Серафима Григорьевна отбросила прочь предмет для вызывания духа серебряную большую ложку с костяной ручкой и принялась жаловаться своему духу-покровителю. Тот напоминал ей, что никогда в жизни она не выругалась плохим словом, не носила юбок выше колен, также не глазела в доме отдыха на чужих мужиков, а усердно вязала пуховый пуловер для дочери, никому, кроме врача, не показывала своих грудей, не подавала из ложной жалости милостыню наглым цыганкам в электричках, таскающим на руках - для вящего сочувствия замурзанных младенцев... Словом, перечень ее добродетелей рос, Серафима Григорьевна сама это видела и постепенно успокаивалась: ее дух-покровитель, благосклонно кивая головою, под конец тихо возносился к потолку и растворялся в кухонном воздухе, где-то меж развешанных на веревке бледно-голубых бюстгальтеров восьмого размера.
Я был вытурен ею из дома самым бесцеремонным образом, причем сделала она это в отсутствие Лилианы, когда та ушла в баню, и Серафима обошлась на прощанье довольно грубо со мной.
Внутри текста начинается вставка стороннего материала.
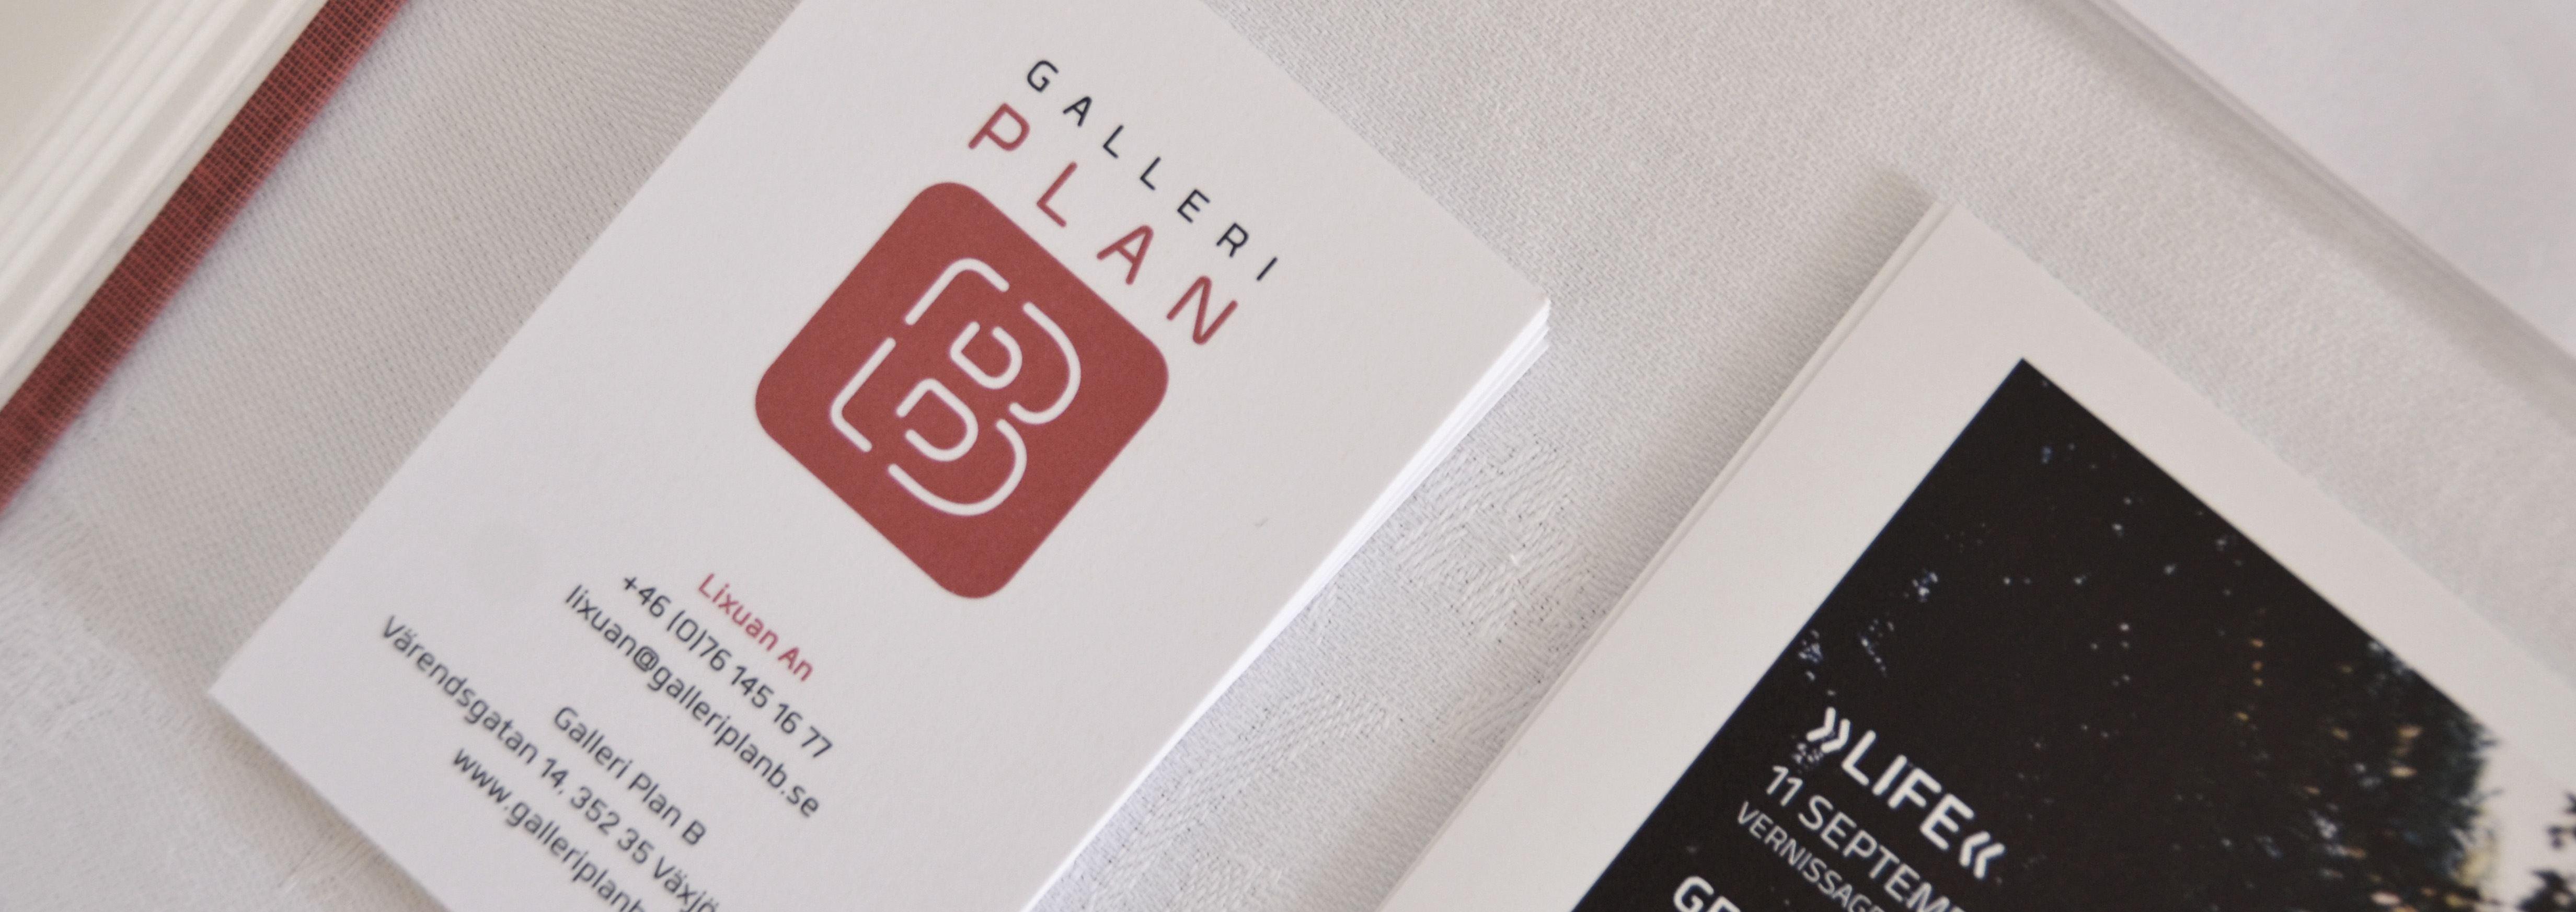 Galleri Plan B

Но, честное слово, я и из смертного мига, вскрывающего истину каждого события жизни, мог бы подтвердить то, что и всегда говорил раньше: я любил ее, относился почтительно к этой несчастной клуше. О, воинствующие ругатели мещанского уюта, богемолюбивые ниспровергатели быта, энтузиасты двадцатых годов и хиппари шестидесятых, - если бы вы знали, как мне после сиротства, многих лет детдомовского полуказарменного быта нравилось бывать на чистенькой кухне Серафимы! С каким восторгом я смотрел на зарождение и завершение грандиозного пирога с клубникой, слушал произносимые вслух стратегические планы атаки на созревающие помидоры, - им надлежало >в скором времени оказаться в стеклянной тюрьме, залитыми душистым маринадом и закрытыми сверкающей консервной крышкой. Завороженно я внимал легендам о царском варенье из зеленого крыжовника, который варили, удалив всю внутренность из каждой ягодки.